In 2012, Sozzani was appointed a United Nations Goodwill Ambassador for Fashion4Development – a global campaign that uses fashion-based initiatives to support the United Nations’ wider issues in helping Africa. And in May that year, as the Editor of L’Uomo Vogue (Men’s Vogue), she dedicated an issue to ‘Rebranding Africa’, which aimed to bring Africa into the media focus for reasons other than conflict, suffering and poverty. The cover star was not a model or fashion icon, but the 67-year-old Secretary-General of the UN, Ban Ki-Moon. Sozzani took the magazine far beyond its sartorial scope, considering the economic potential for the continent to contribute to the billion-dollar global fashion industry.

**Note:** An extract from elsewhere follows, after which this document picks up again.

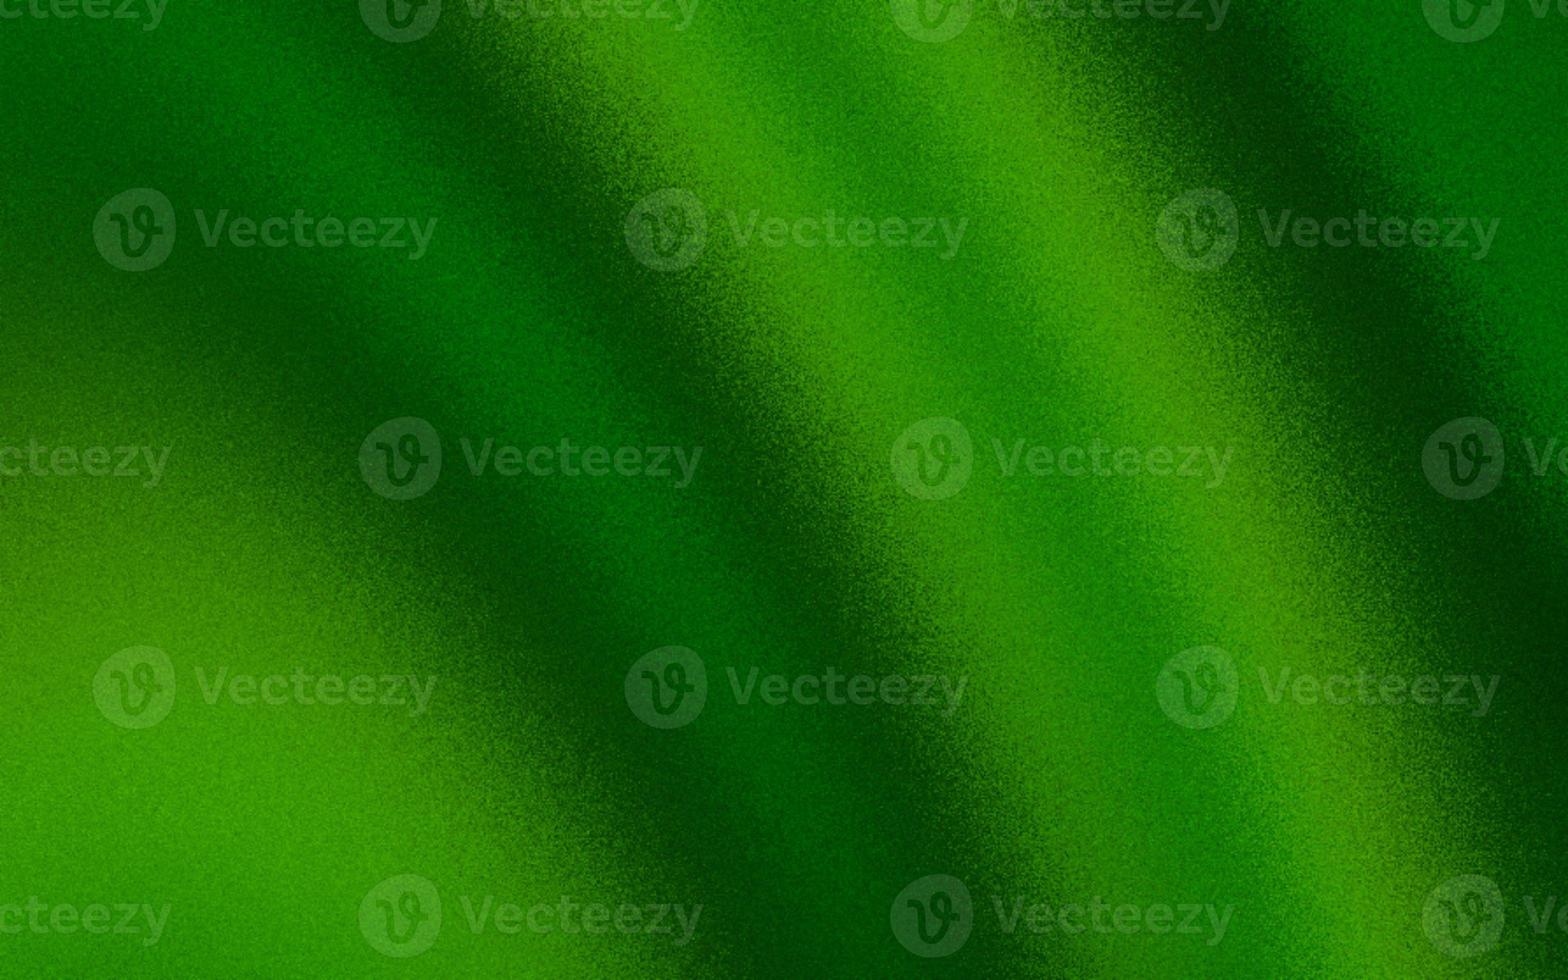 attraktiv grön lutning bakgrund med ljud eller spannmål texturer. grön grunge textur bakgrund. suddig lutning bakgrund. sprutas lutning med de spannmål eller ljud effekter. foto

Her indefatigable commitment to sustainable and ethical development meant that she faced issues which many fashion magazines dare not dirty their hands with, not just racial divides, unobtainable beauty and African poverty, but also domestic violence, drug abuse and rehabilitation, and the Gulf of Mexico oil spill of 2010. She also became a leading figure in the world’s conversations about sustainable fashion, and raised awareness during Milan Fashion Weeks for new designers who utilised ecological production processes.

Franca Sozzani was and will remain a rare figure of integrity in the notoriously superficial fashion world. She was never one to shy away from the dark underbelly of the industry and was ready to dedicate her time and energy to causes she believed in, regardless of how far removed they might have been from the glamour associated with her position. Her description of what fashion should and could be, in an interview with The Telegraph in 2013, has resonated with me ever since: 

“Fashion is not only about a piece of fabric. If you think about all the [fashion] movements we have had in the years, they came from a situation that’s social, economical and political. So why should we not reflect our time?”